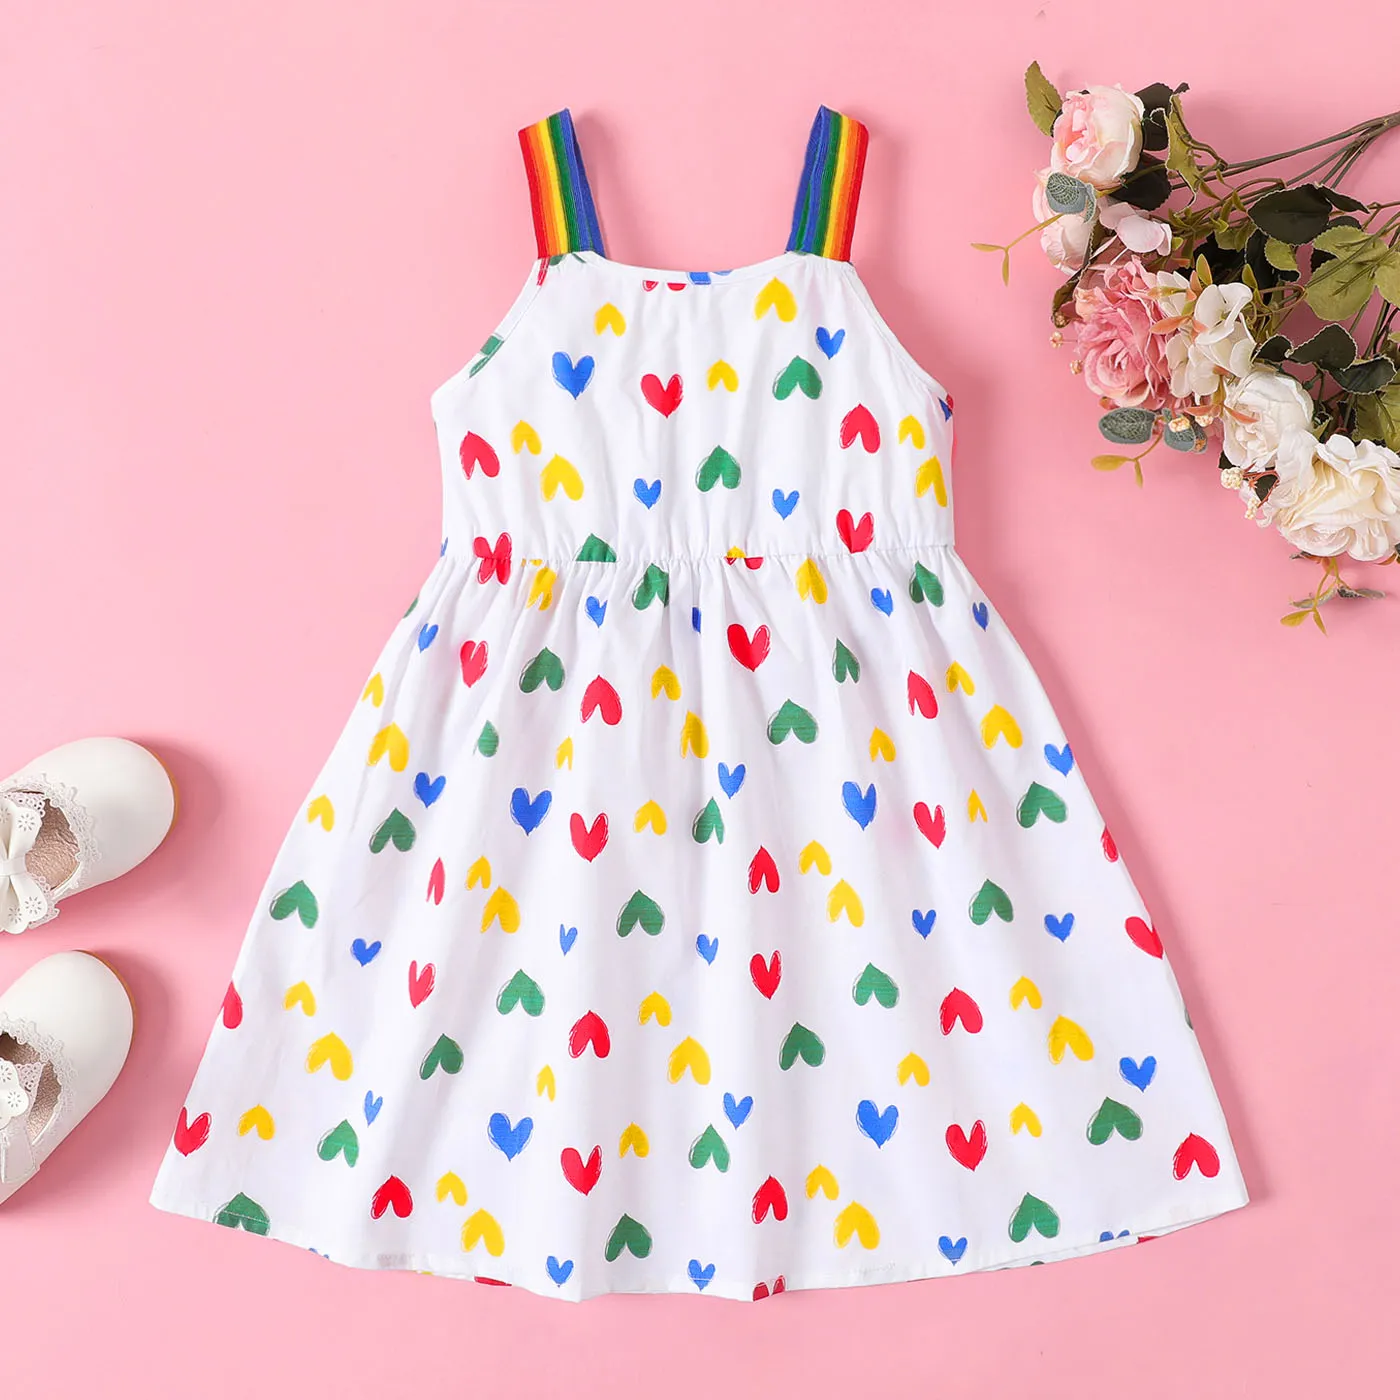 Toddler Girl 100% Cotton Allover Heart Print Rainbow Slip Dress
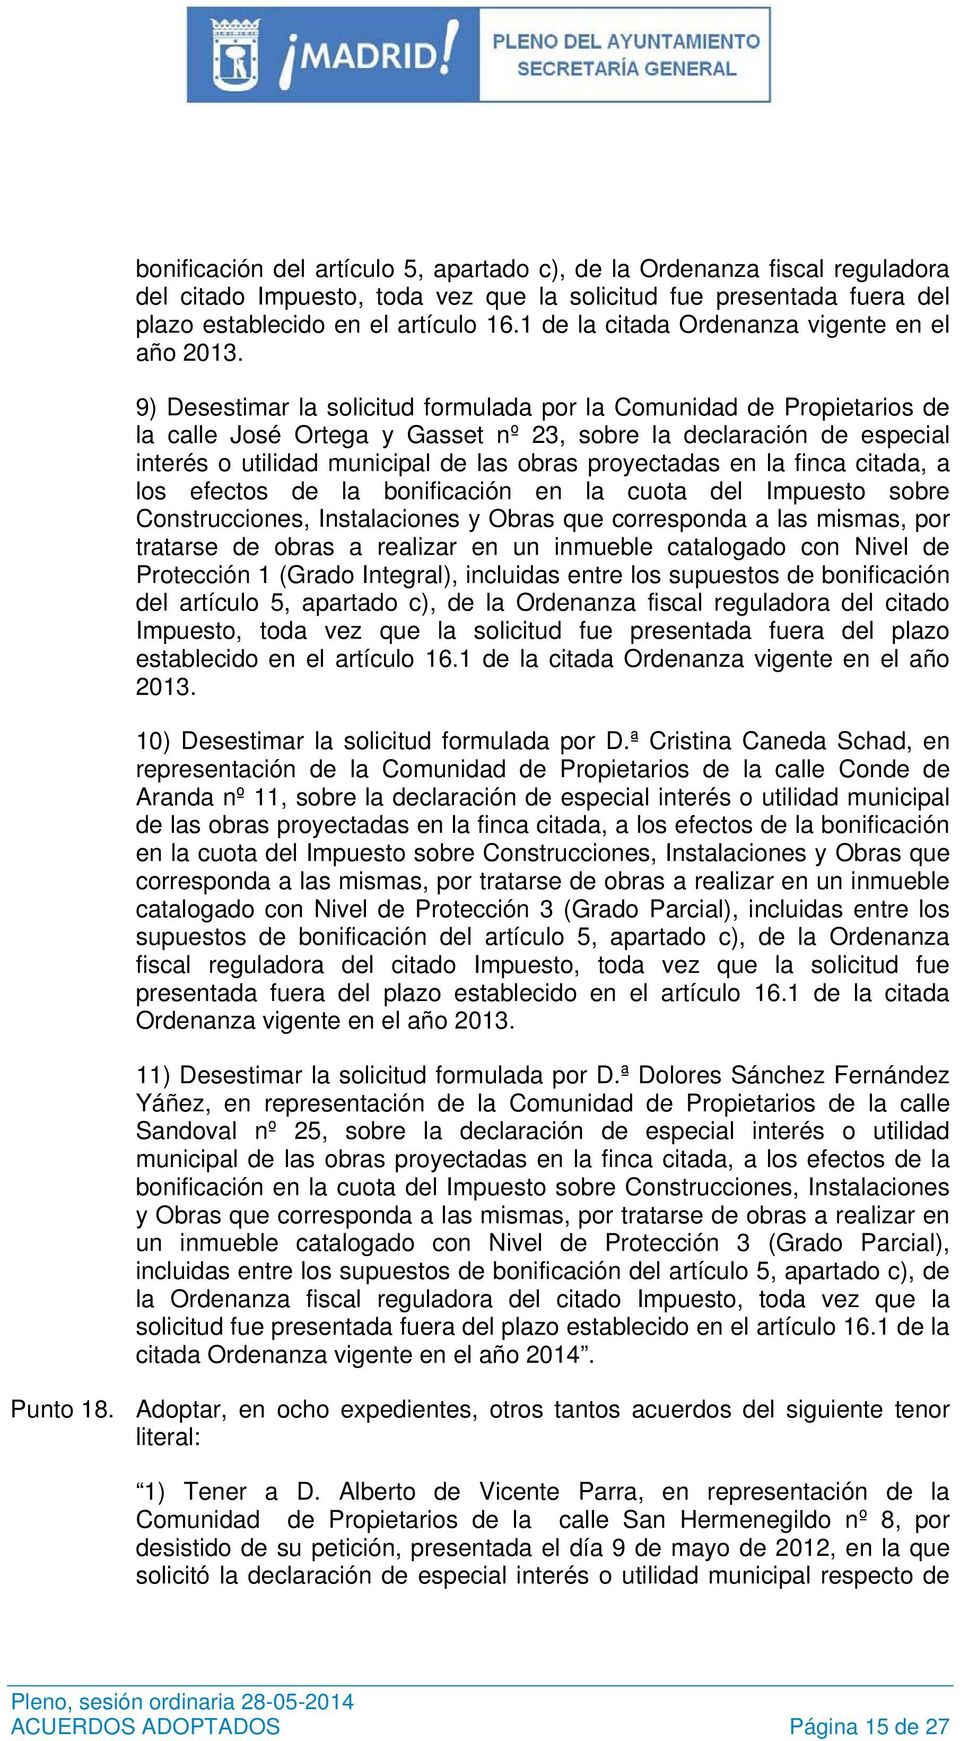 9) Desestimar la solicitud formulada por la Comunidad de Propietarios de la calle José Ortega y Gasset nº 23, sobre la declaración de especial interés o utilidad municipal de las obras proyectadas en
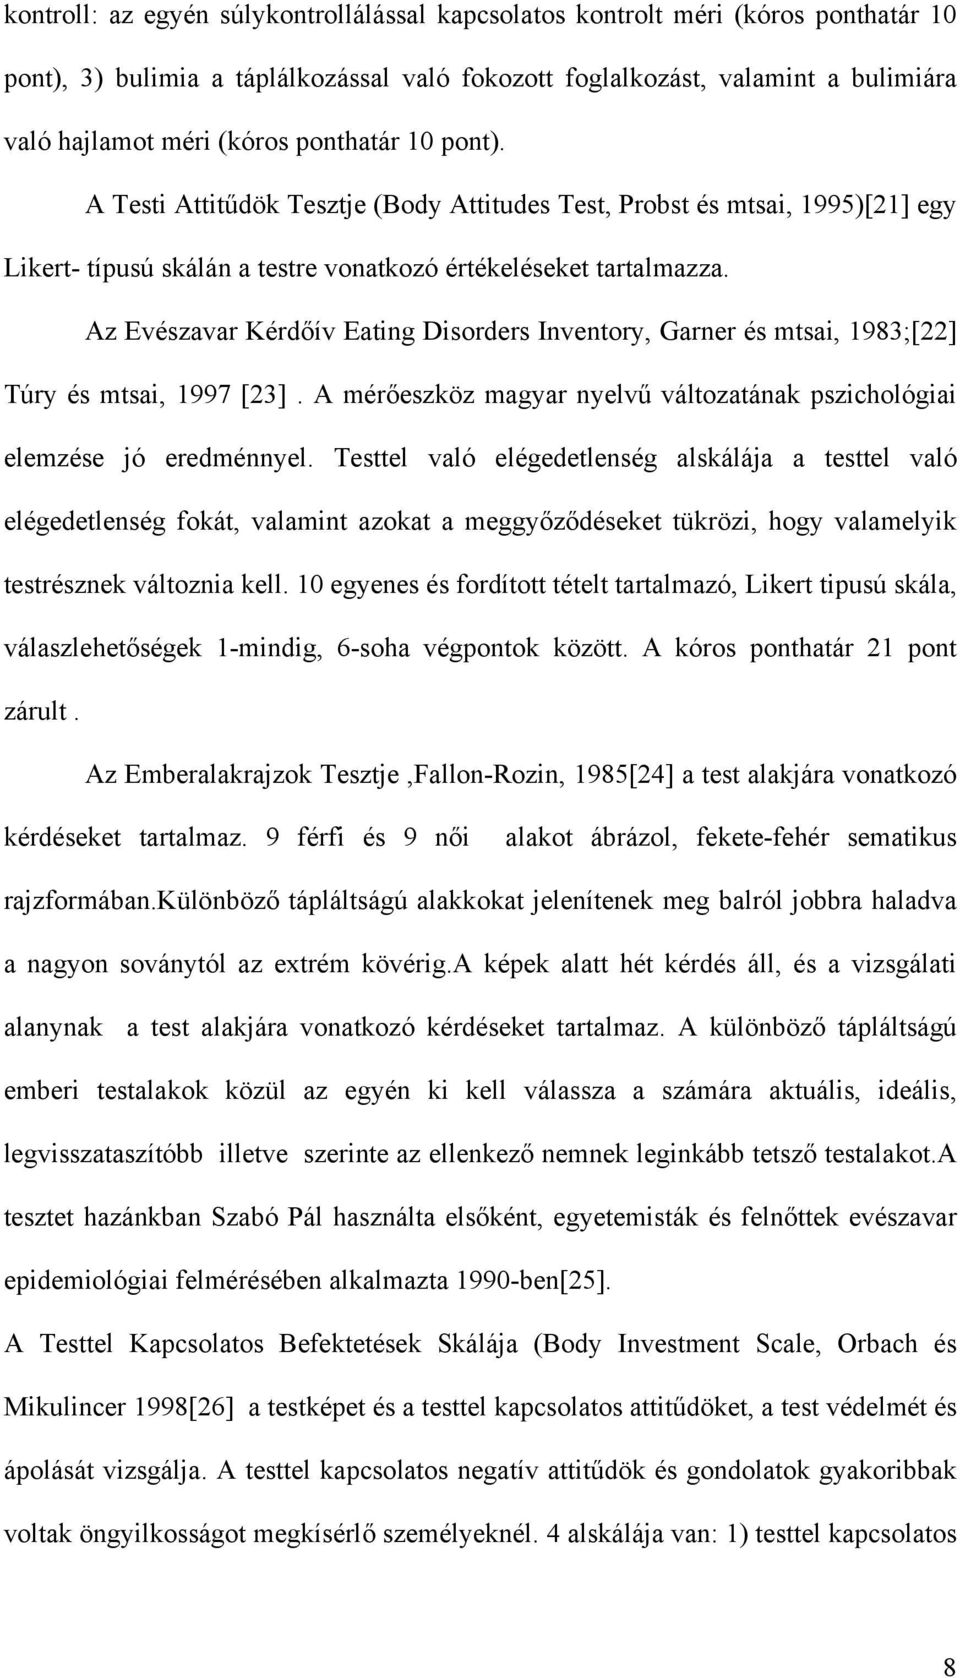 Az Evészavar Kérdőív Eating Disorders Inventory, Garner és mtsai, 1983;[22] Túry és mtsai, 1997 [23]. A mérőeszköz magyar nyelvű változatának pszichológiai elemzése jó eredménnyel.
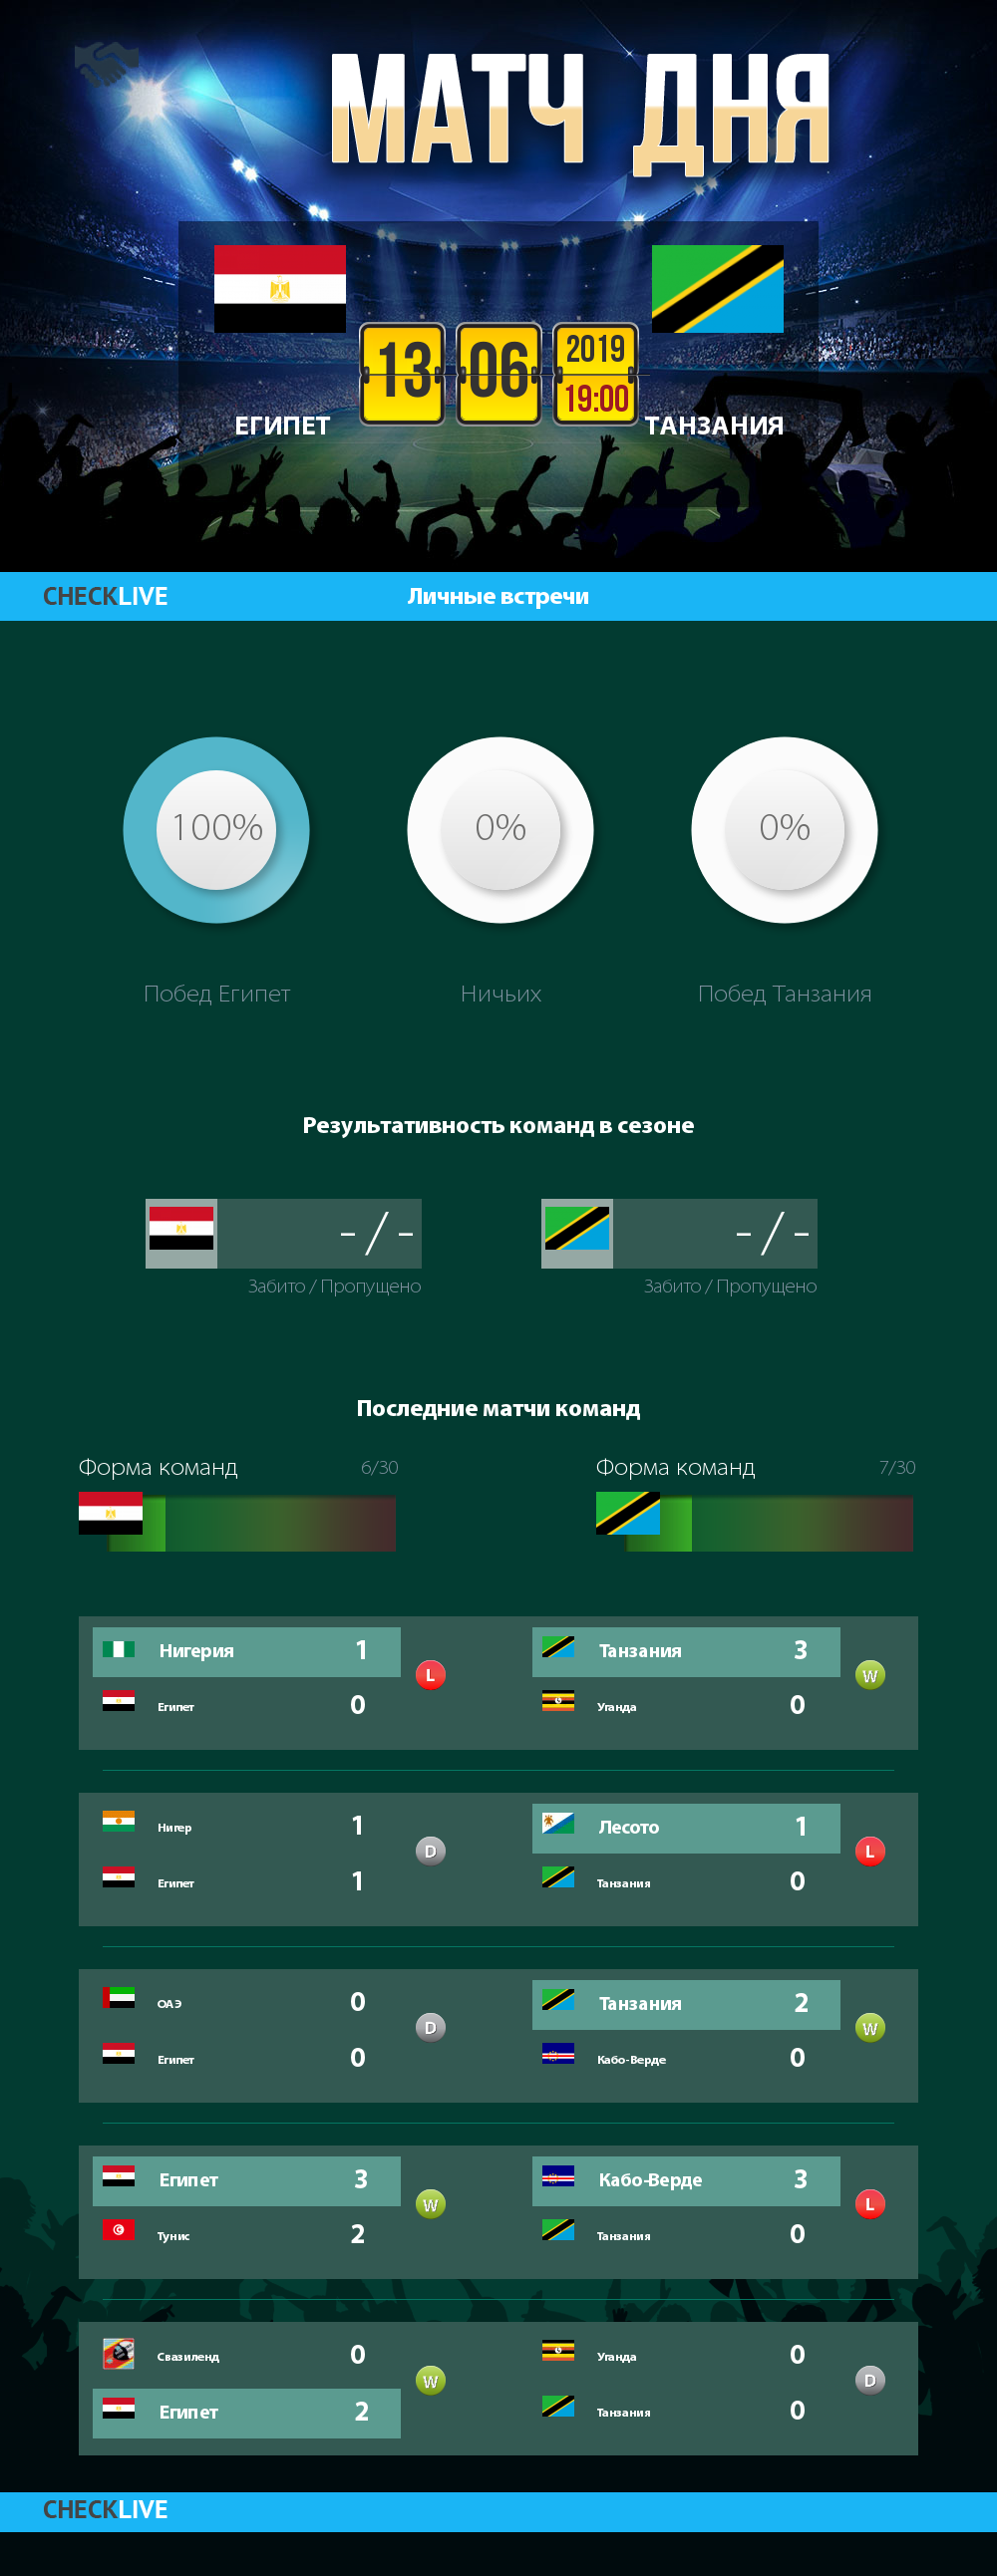 Инфографика Египет и Танзания матч дня 13.06.2019
#####
## DIRECTIONS:
Reproduce every line above exactly as written, omitting the images.

## YOUR RESPONSE:
 Toddler Girl 100% Cotton Allover Heart Print Rainbow Slip Dress
 9) Desestimar la solicitud formulada por la Comunidad de Propietarios de la calle José Ortega y Gasset nº 23, sobre la declaración de especial interés o utilidad municipal de las obras proyectadas en
 Az Evészavar Kérdőív Eating Disorders Inventory, Garner és mtsai, 1983;[22] Túry és mtsai, 1997 [23]. A mérőeszköz magyar nyelvű változatának pszichológiai elemzése jó eredménnyel.
 Инфографика Египет и Танзания матч дня 13.06.2019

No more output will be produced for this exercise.